Patients enrolled in STRIVE were randomized to receive either placebo, or one of
two AMG 334 doses, 70mg or 140mg, subcutaneously, once monthly, for six
months.[1] Patients experienced between four and 14 migraine days each month,
with an average of 8.3 migraine days per month at baseline.[1] Over the last
three months of the double-blind treatment phase, patients in the 70mg and
140mg AMG 334 treatment arms experienced a statistically significant 3.2-day and
3.7-day reduction from baseline in mean monthly migraine days, respectively, as
compared to a 1.8-day reduction in the placebo arm.[1]
The safety profile of AMG 334 was comparable to placebo across both treatment
arms over the six-month double-blind evaluation.[1] The most frequently reported
adverse events were nasopharyngitis, upper respiratory tract infection and
sinusitis.[1]
Further analysis of the STRIVE data is ongoing. Positive results from ARISE, the
first Phase III study of AMG 334 in episodic migraine prevention, and results
from a Phase II study of AMG 334 in chronic migraine prevention, were announced
earlier this year.[3,4] These data will help support discussions with regulatory
agencies, with filing anticipated in 2017.
More complex than just a headache, migraine has been declared by the World
Health Organization to be one of the top 10 causes of years lived with
disability for men and women.[5] It has a profound and limiting impact on an
individual's ability to carry out everyday tasks and there is a real need for
more effective preventative treatments to help reduce the number of monthly
migraine days individuals experience.[6] People with episodic migraine
experience up to 14 migraine days each month.[7]
AMG 334 is being co-developed by Amgen and Novartis. As part of the
collaboration, Amgen has commercialization rights in the U.S., Canada and Japan,
and Novartis has commercialization rights in Europe and the rest of the world.
About the STRIVE study (NCT02456740)
STRIVE (NCT02456740) is a global Phase III, multicenter, randomized 24-week,
double-blind, placebo-controlled study evaluating the safety and efficacy of AMG
334 in episodic migraine prevention.[8] In the study, 955 patients were
randomized to receive once-monthly subcutaneous placebo, or AMG 334 (70mg or
140mg) in a 1:1:1 ratio.[1,8] Patients experienced between four and 14 migraine
days each month, with an average of 8.3 migraine days per month at baseline.[1]
The primary endpoint was change in mean monthly migraine days from baseline over
the last three months of the double-blind treatment phase of the study (months
four, five and six).[1,8]
Secondary study endpoints assessed in the last three months of a six-month
double-blind treatment phase included the proportion of patients with a
reduction of at least 50% from baseline in mean monthly migraine days, change
from baseline in mean monthly acute migraine-specific medication days, and
reductions from baseline in both mean impact on everyday activities domain and
mean physical impairment domain scores on the Migraine Physical Function Impact
Diary (MPFID).[8]
About Migraine
Migraine involves recurrent attacks of moderate to severe head pain that is
typically pulsating, often unilateral and associated with nausea, vomiting and
sensitivity to light, sound and odors.[9] Migraine is associated with personal
pain, disability and reduced quality of life, and financial cost to society.[10]

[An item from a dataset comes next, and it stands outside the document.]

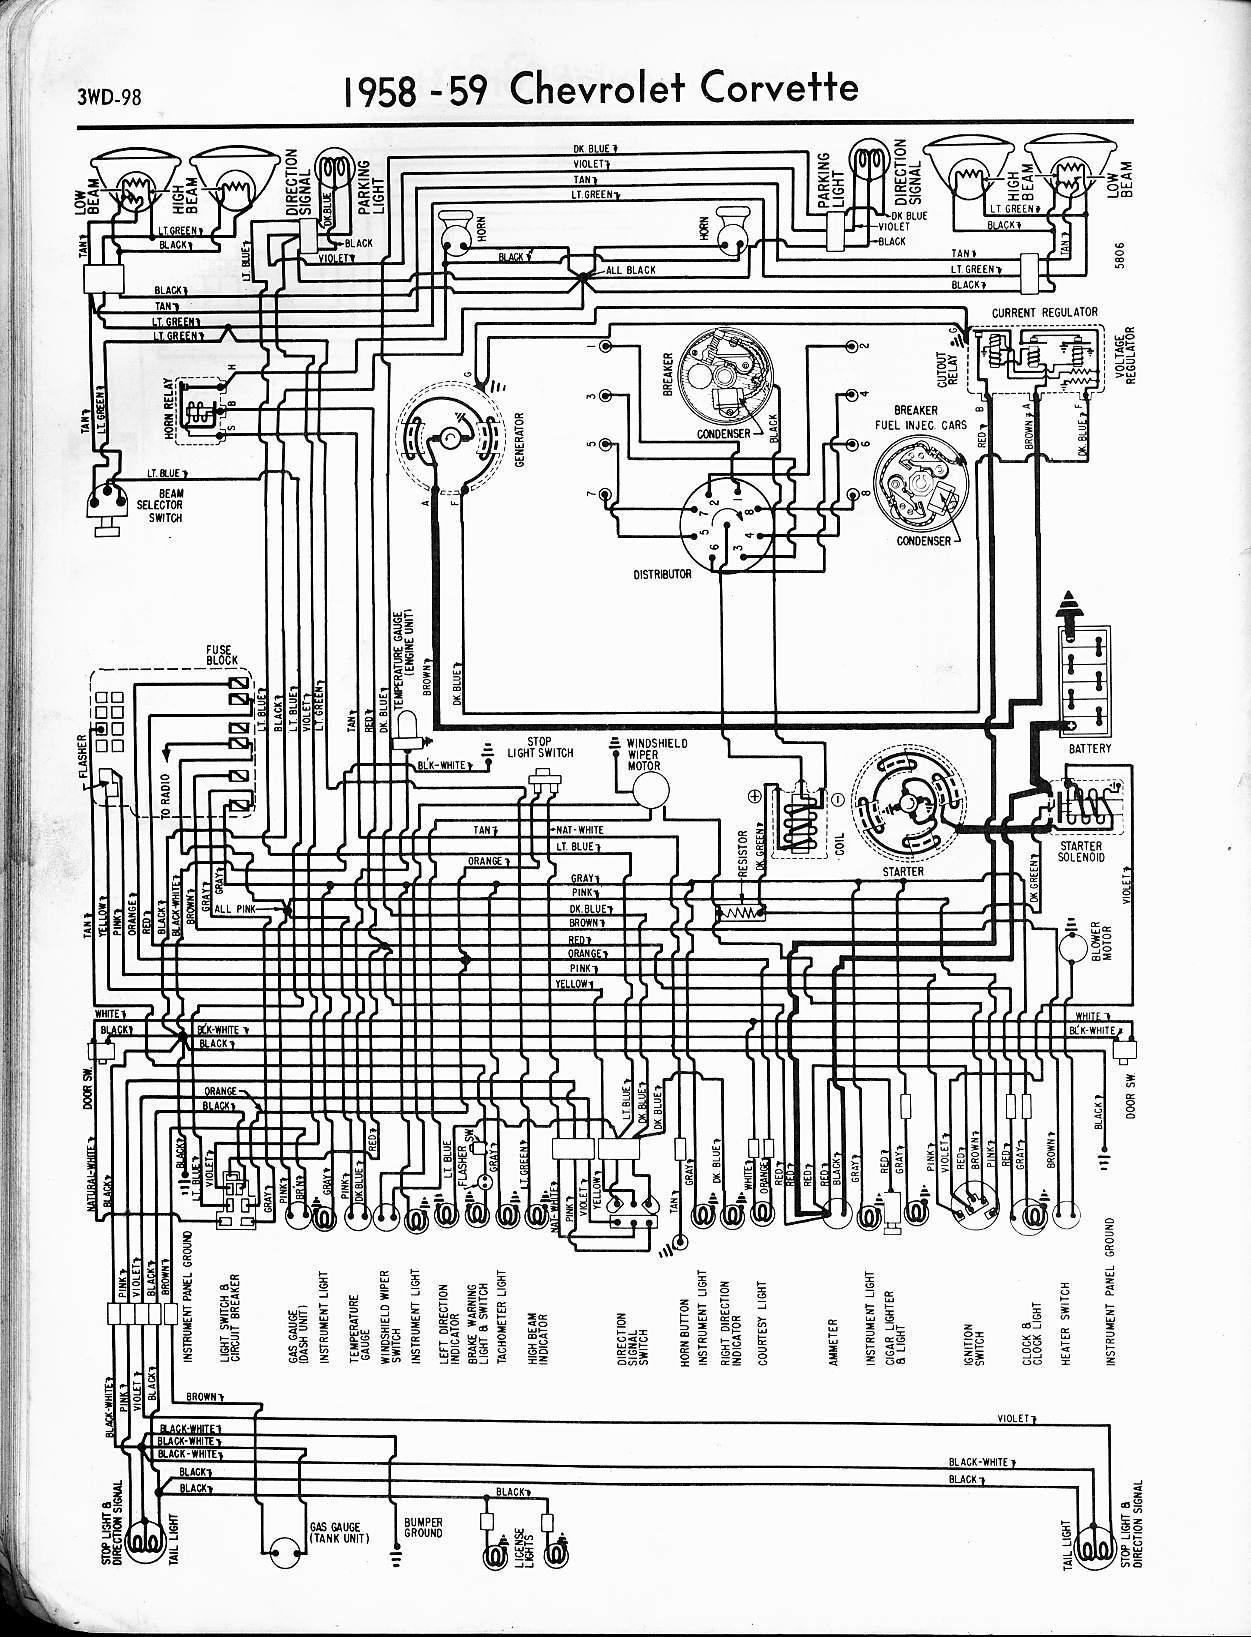 Chovrolete 59 Mwirechev58 3wd 098 1  Jpg Diagramas De Autos

It remains under-recognized and under-treated with more than 40% of people going
undiagnosed.[10,11] Worldwide, approximately 90% of people diagnosed with
migraine have episodic migraine, which is characterized by up to 14 migraine
days a month.[7,12,13 ]The remaining 10% have chronic migraine, which is
characterized by at least 15 headache days per month, of which eight or more
days have migraine features, for more than three months.[12,13]
About AMG 334 (erenumab)
AMG 334 (erenumab) is a fully human monoclonal antibody specifically designed to
target and block the Calcitonin Gene-Related Peptide (CGRP) receptor, believed
to have a critical role in mediating the incapacitating pain of migraine.[2]
Following the initial Phase II dose finding study in the prevention of episodic
migraine, the efficacy of AMG 334 in migraine prevention has been shown in a
Phase II trial in chronic migraine and two Phase III trials in episodic
migraine.[1,3,4] The safety profile of AMG 334 in these trials was comparable to
placebo.[1,3,4] AMG 334 is being studied in several large global, randomized,
double-blind, placebo-controlled trials to assess its safety and efficacy in
migraine prevention.
About the Amgen and Novartis Neuroscience Collaboration
In August 2015, Novartis entered into a global collaboration with Amgen to
jointly develop and commercialize pioneering neuroscience treatments in the
field of Alzheimer's Disease (AD) and migraine. The companies are partnering in
the development and commercialization of a beta-secretase 1 (BACE) inhibitor
program in AD. Novartis' oral therapy CNP520 (currently in a Phase II study for
AD) will be the lead molecule and further compounds from both companies' pre-
clinical BACE inhibitor programs may be considered as novel follow-on molecules.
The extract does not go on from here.